■ **Task details**:
Identify the line that contains "Traditional Hindu Wedding in Nepal Banner" in the material. Output it and every line after it, unchanged, through the end.

■ **Data supplied**:
>>>

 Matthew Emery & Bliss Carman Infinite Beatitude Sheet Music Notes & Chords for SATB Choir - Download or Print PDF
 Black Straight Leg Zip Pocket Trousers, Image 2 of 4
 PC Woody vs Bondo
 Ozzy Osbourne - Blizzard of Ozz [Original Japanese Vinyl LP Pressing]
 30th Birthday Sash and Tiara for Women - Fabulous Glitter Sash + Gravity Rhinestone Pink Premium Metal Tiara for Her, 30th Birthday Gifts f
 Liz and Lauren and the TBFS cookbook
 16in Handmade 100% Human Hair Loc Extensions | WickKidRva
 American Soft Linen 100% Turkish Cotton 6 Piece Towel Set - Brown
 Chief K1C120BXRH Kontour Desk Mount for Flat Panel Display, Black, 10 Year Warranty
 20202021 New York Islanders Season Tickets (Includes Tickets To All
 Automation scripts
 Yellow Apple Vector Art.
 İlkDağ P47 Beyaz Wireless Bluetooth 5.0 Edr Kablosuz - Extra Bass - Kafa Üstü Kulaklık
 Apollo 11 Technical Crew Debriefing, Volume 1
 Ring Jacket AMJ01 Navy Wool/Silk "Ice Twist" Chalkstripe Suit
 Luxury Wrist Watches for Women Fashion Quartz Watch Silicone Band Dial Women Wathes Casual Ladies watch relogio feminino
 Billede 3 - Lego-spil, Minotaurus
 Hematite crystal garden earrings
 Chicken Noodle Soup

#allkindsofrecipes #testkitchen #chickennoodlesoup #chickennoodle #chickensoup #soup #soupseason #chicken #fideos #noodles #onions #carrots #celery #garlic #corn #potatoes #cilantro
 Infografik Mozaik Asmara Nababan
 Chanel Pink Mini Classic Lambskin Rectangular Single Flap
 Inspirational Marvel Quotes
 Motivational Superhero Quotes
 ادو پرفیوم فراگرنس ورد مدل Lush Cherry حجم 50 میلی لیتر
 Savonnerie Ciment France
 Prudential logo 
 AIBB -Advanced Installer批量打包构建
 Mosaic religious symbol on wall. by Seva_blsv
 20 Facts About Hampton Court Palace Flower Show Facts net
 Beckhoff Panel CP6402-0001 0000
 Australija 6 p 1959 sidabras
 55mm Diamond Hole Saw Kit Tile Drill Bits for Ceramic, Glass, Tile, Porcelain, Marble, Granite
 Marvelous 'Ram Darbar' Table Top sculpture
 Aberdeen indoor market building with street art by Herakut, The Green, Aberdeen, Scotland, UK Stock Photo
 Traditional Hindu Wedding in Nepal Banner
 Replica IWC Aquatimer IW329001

<<<

■ **Answer to the problem**:
 Traditional Hindu Wedding in Nepal Banner
 Replica IWC Aquatimer IW329001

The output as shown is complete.